On a practical level, after a first film that was voluntarily shot in black and white because I felt so afraid of color, working with Cécile Milazzo totally de-dramatized the color palette and the paint work. She has a fascinating ease and freedom with colors, and steers through that world with a crystal clear vision, and a lot of room for improvisation at the same time. She taught me and our set and props team so much and in such a nice way that I feel now absolutely ready to embrace the huge universe that color is.
Can you describe how you developed your visual approach to the film? Why did you settle on this style/technique?

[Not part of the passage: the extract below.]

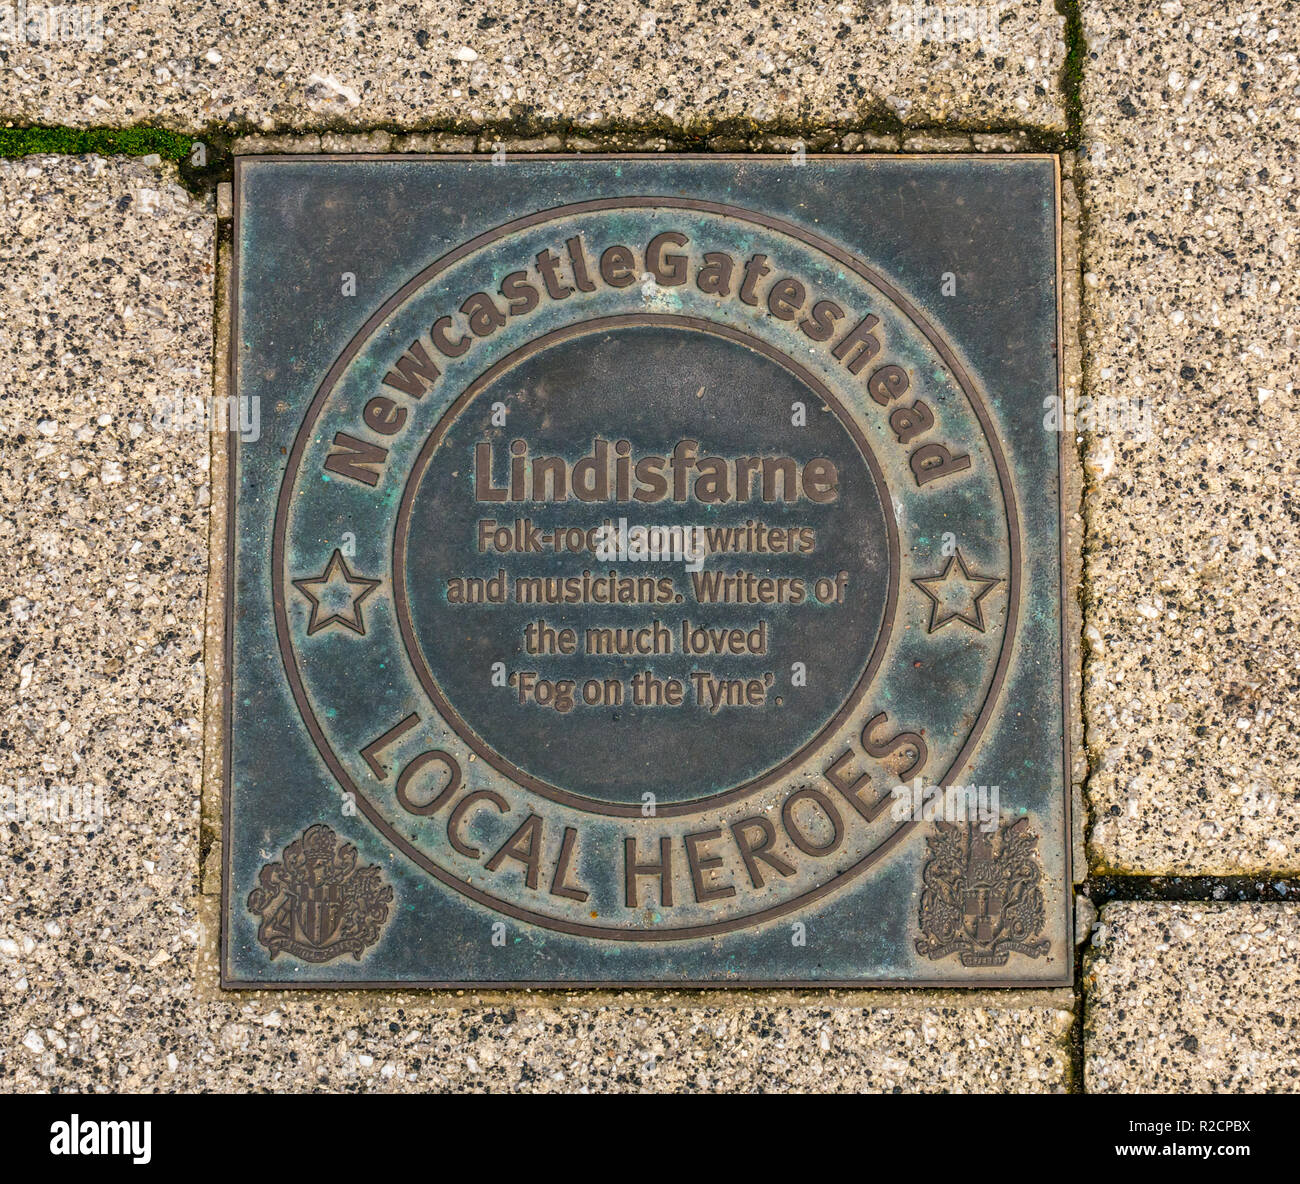 Bronze plaque honouring Newcastle and Gateshead inspiring people of past 60 years, Lindisfarne band, Quayside. Newcastle Upon Tyne, England, UK Stock Photo
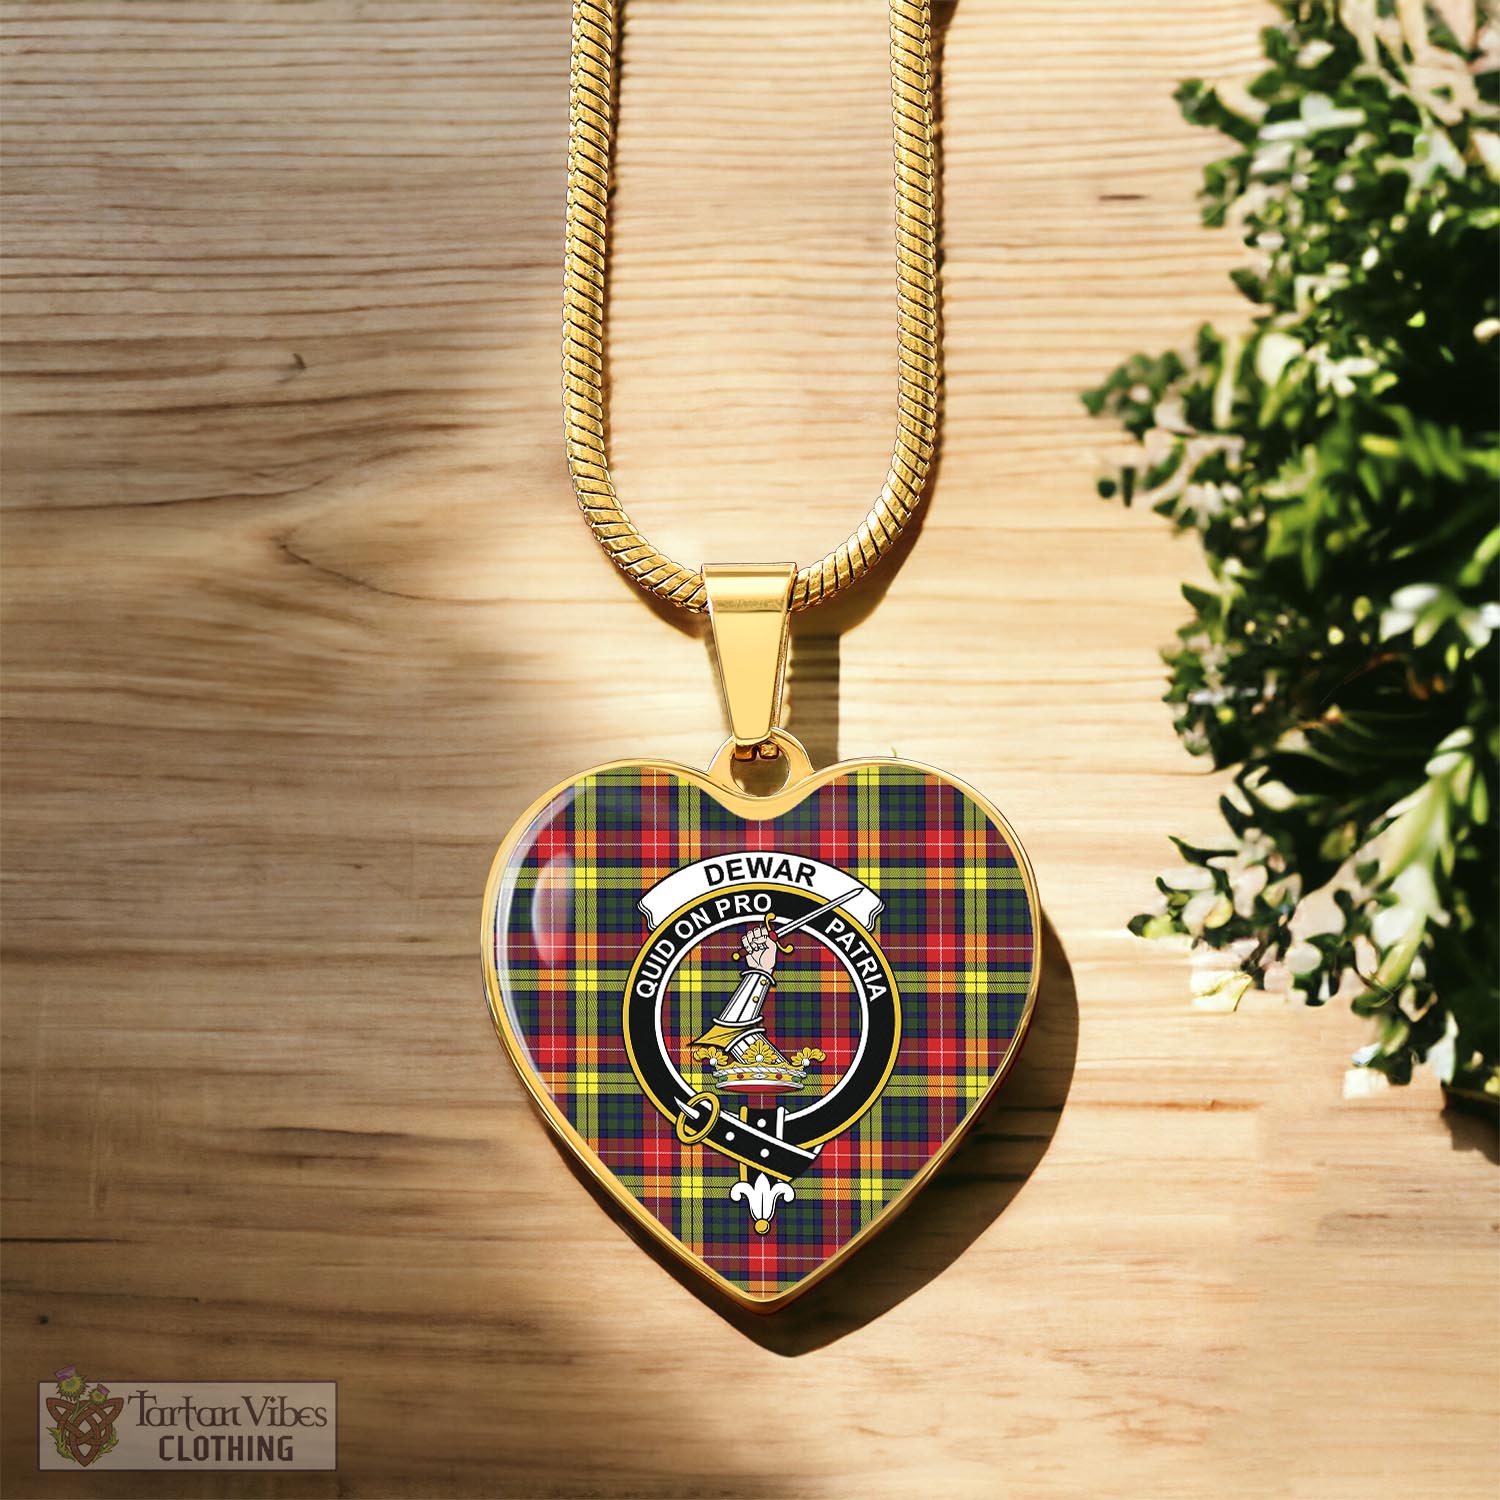 Tartan Vibes Clothing Dewar Tartan Heart Necklace with Family Crest

Stop motion is absolutely part of who I am, but I don’t believe that this technique works for everything. I regularly feel that it is used to make a film a bit weirder than it would have been in another technique, with not a lot of justification. Yet it suited this story very well, where the tangible reality progressively mixes up with the subconscious world. And I wanted those very tangible and real puppets to show that dive into a nightmarish world.
I initially wanted to explore a different way to make puppets, lighter in the making process, and I was sure it would be much quicker and cheaper. Paper immediately came as an obvious choice to cover the puppets, with all the creases and folds and amazing texture it adds, and the many layers of it, echoing the many shrunken layers of the complex human mind, revealing the fragility of the characters. It didn’t make the process lighter and cheaper; stop motion is always more complicated than we want it to be, but the paper work was an utter joy to make, and a very easy and accessible process. As I said before, I worked with Cécile Milazzo, a very talented director, painter, and animator, who designed the characters and with whom we together developed the paper work process that was used for puppets, sets, and props. It was a very friendly and fruitful collaboration; the film palette owes her every subtle detail and color.